ON DECK, MAYBE: NEW DOWNTOWN GARAGE

menna-010111Mayor Pasquale Menna says Red Bank has an “extraordinary” parking shortage that is crimping downtown businesses. (Click to enlarge)

After idling for several years, the possibility that Red Bank may get a second downtown parking garage is back in gear.

Though he never mentioned the word “garage” or “deck,” Mayor Pasquale Menna said Saturday that he would appoint a committee to explore ways to address what he called a perennial problem: “surface parking.”

“Everybody talks about parking, and they all say the mayor doesn’t talk about it enough, so let me stick my neck out,” he told an audience that packed the council chambers for the annual borough government reorganization . “Beginning this year, the council will be discussing initiatives that will carve out initiatives for parking on borough-owned properties in the business district.”

He later told reporters he was referring specifically to the White Street municipal lot.

“There is no question that there is a parking deficiency,” he said in his annual address, “one that has impeded economic utilization of properties.

“We’ve outgrown what we have,” he added, noting that the municipal lots were created in the 1950s. “Surface lots are not going to carry the day.”

Twice in the past decade or so, efforts to build a municipal garage on the White Street have proven highly controversial, with many merchants in favor and residents opposed. Both times, Menna, then a councilman, opposed the plans because, he said, they would saddle residents, rather than investors, with $8 million or more in debt.
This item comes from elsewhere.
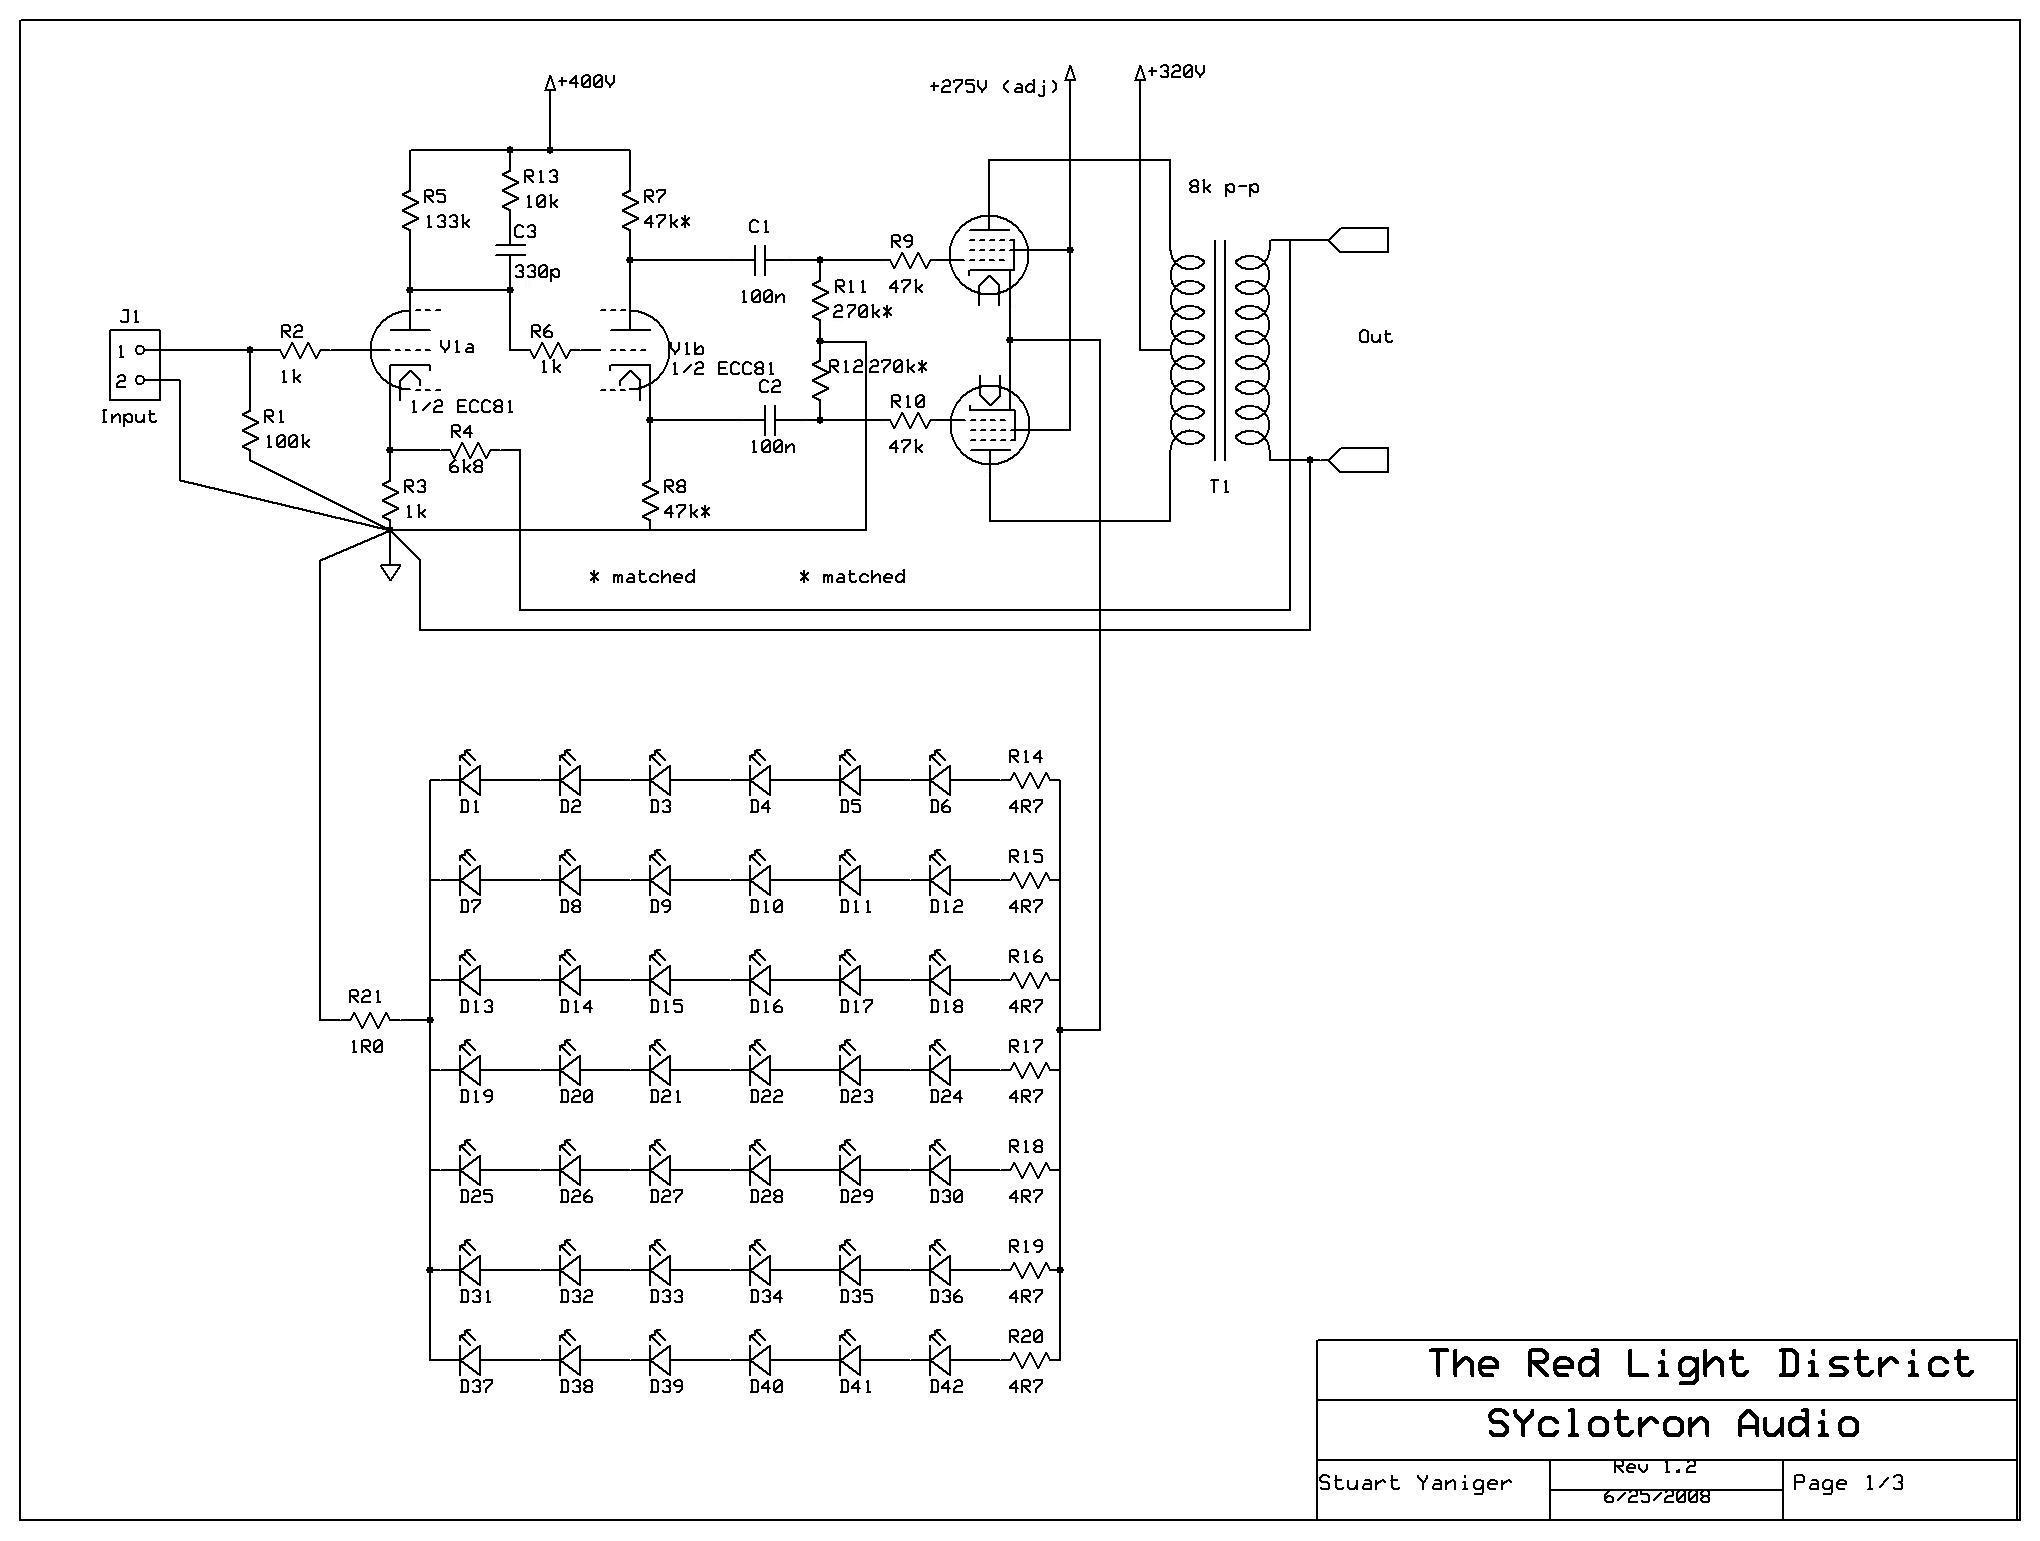 rld_signal_circuit.jpg?phpMyAdmin=CayBDF

Menna, who has previously expressed admiration for cellphone-activated meter technology in use in Europe, said the committee, whose members he has not yet named, would also look at state-of-the-art technologies and “green initiatives” that he did not specify.

The town’s only existing parking deck, the Globe Court Garage, is owned by the borough but rented toRiverview Medical Center under a 20-year lease that expires in 2022, when the hospital has an option to buy the structure.

Following Saturday’s meeting, Menna told redbankgreen that construction of a lot with no debt load for the town “is the only option” that he, borough Administrator Stanley Sickels and others he did not identify had talked about. He said there are no proposals from developers or other firm plans to build a garage.

Menna said two major investment banks he did not identify declined to come into town “because there was insufficient guaranteed parking,” and that second-floor offices throughout the downtown were underutilized for the same reason.